Martedì, 27 Luglio 2021
mobilità

Bus a rischio nell'area metropolitana di Milano: i tagli estivi

Secondo l'ente che ha sostituito la Provincia, da settembre è a rischio il trasporto locale se non saranno arrivati i soldi dalla Regione

Tagli al trasporto pubblico locale nell'area metropolitana (foto Repertorio)

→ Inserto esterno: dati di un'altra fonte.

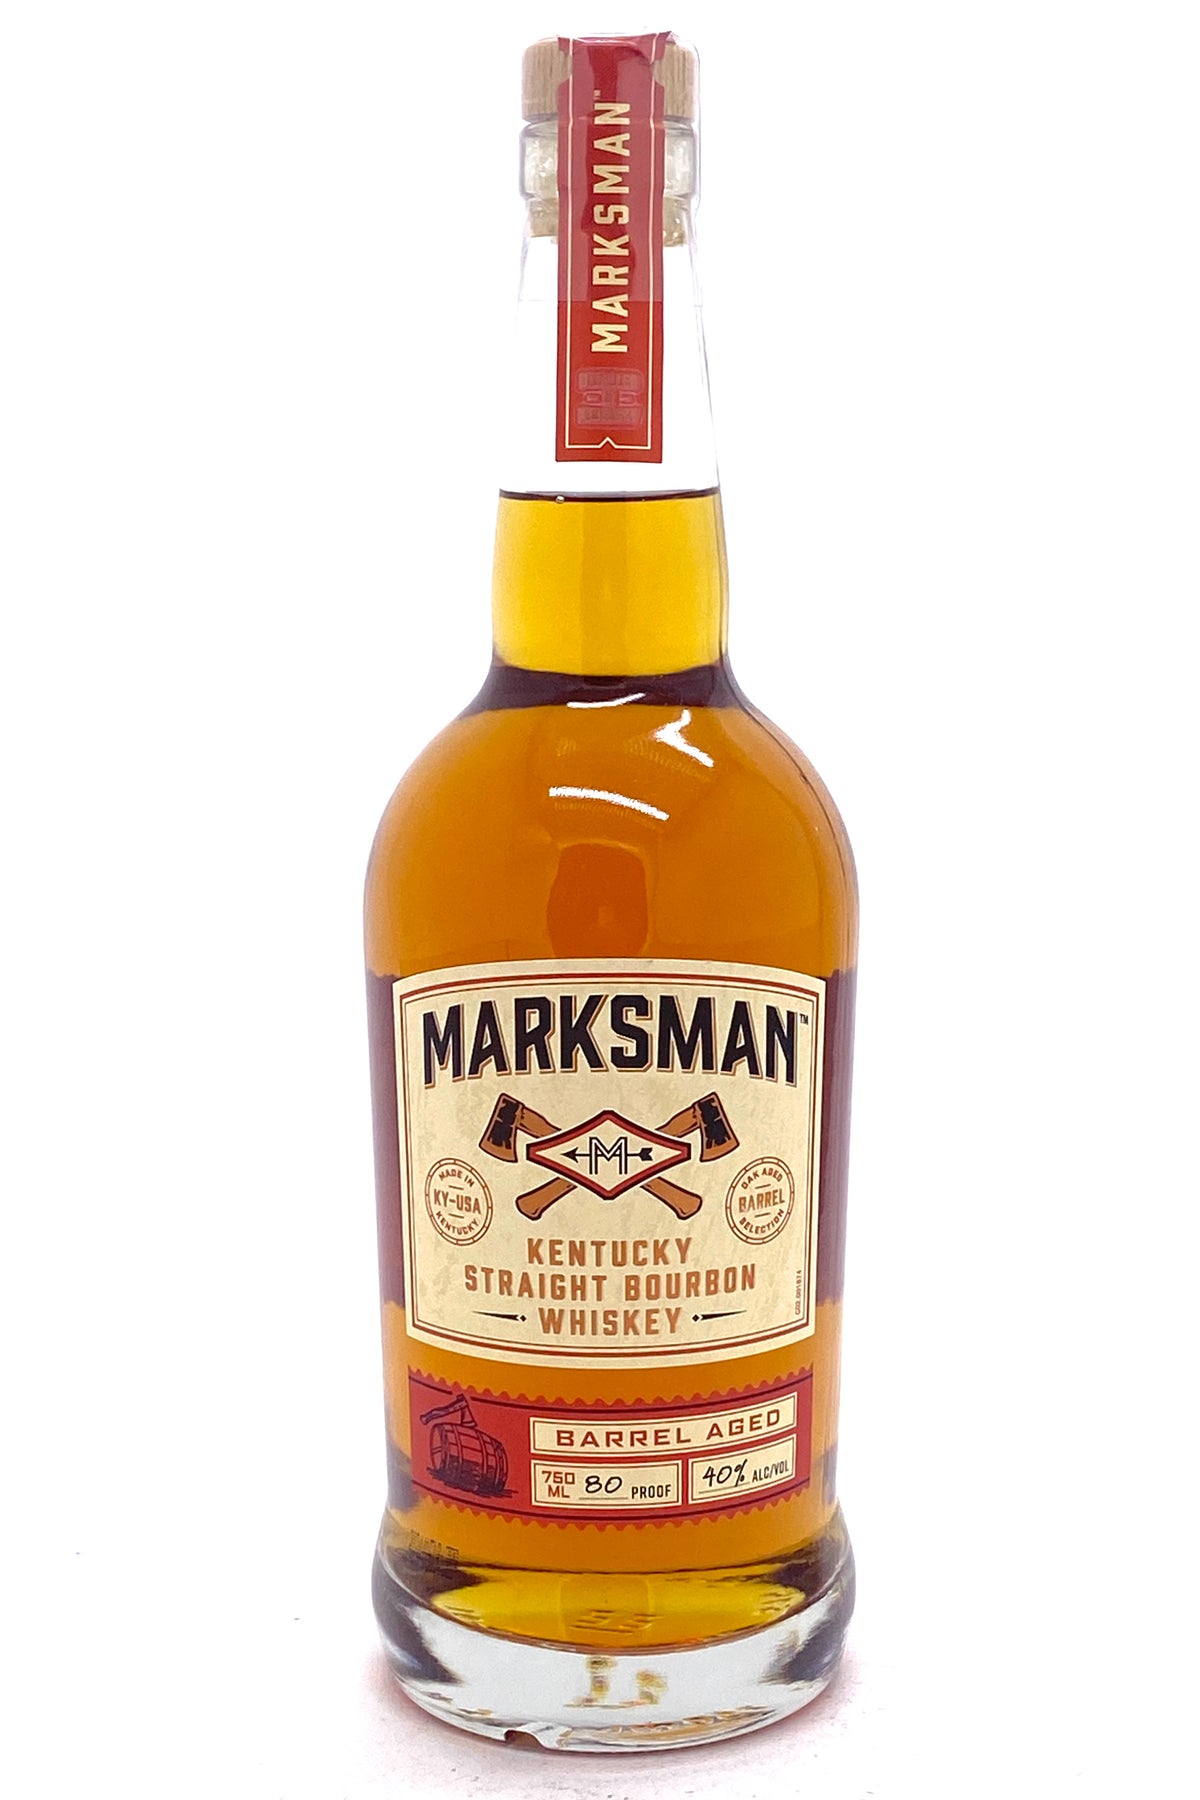 Marksman Bourbon Whiskey
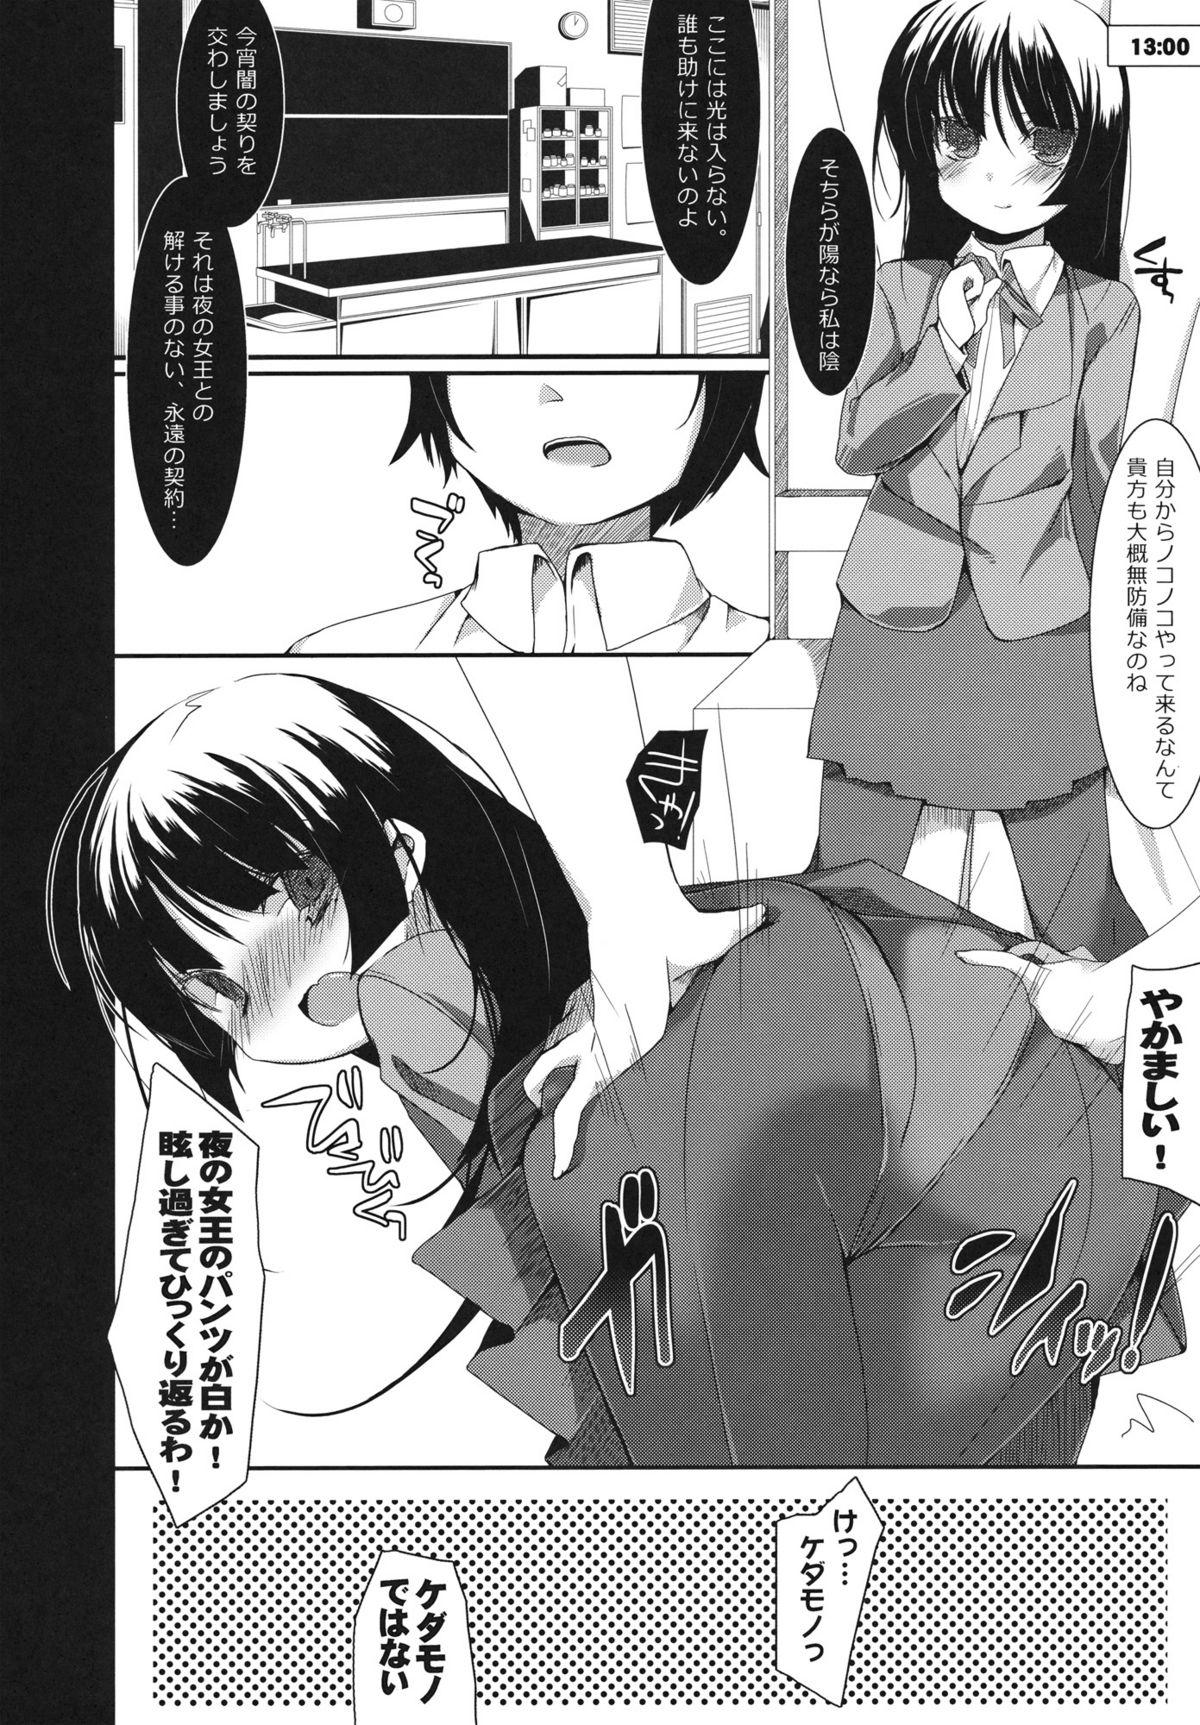 Pissing Kousaka Kyousuke no Karei Naru Nichijou - Ore no imouto ga konna ni kawaii wake ga nai Free - Page 9

E' al collasso il trasporto pubblico locale nell'area metropolitana di Milano. E se non arrivano subito soldi dalla Regione, si va verso pesantissimi tagli del servizio dal primo di settembre, mentre sono già state ridotte sensibilmente le corse nel periodo estivo, soprattutto (ma non solo) agosto.

A lanciare l'allarme è Siria Trezzi, che oltre ad essere sindaco di Cinisello Balsamo è anche consigliera metropolitana delegata alla mobilità. All'appello mancano - secondo quanto lei riferisce - due milioni e 800 mila euro, che la Regione si era impegnata a dare come contributo ma che non sono ancora stati destinati. 

Soldi che ammontano ad appena lo 0,75% del totale destinato dalla Regione al trasporto pubblico locale in un anno.

I tagli già stabiliti

Per il momento le "sforbiciate" riguardano alcune direttrici.  Ad esempio, sono state soppresse nei giorni festivi le linee Z411 (Melzo-San Donato M3), Z412 (Paullo-San Donato M3), Z601 (Legnano-Molino Dorino M1) e Z620 (Magenta-Molino Dorino M1). Sempre nei giorni festivi è stata ridotto del 50% il servizio sulla Z301 (Milano-Bergamo). Diverse anche le soppressioni o drastiche riduzioni nella settimana di ferragosto.

Secondo la Trezzi, questi tagli sono stati chiesti da Regione Lombardia nel 2016: «La Regione - afferma Trezzi - ha imposto, fra le condizioni di utilizzo delle risorse straordinarie del 2016, che si attuasse nel 2017 un'adeguata riorganizzazione del servizio all'interno del bacino di riferimento». Riorganizzazione che, appunto, è stata attuata.

Il nodo dei contratti di servzio

I sei lotti in cui è suddiviso il trasporto pubblico della Città Metropolitana sono stati "trasferiti" (dal primo luglio 2017) alla neonata Agenzia di Bacino di Milano, Monza, Lodi e Pavia. Tre dei sei lotti hanno contratti di svolgimento settennale ancora in corso; per gli altri tre, è terminato il "periodo di vigilanza contrattuale", che però è stato prolungato dalla Città Metropolitana sino al 30 giugno 2017.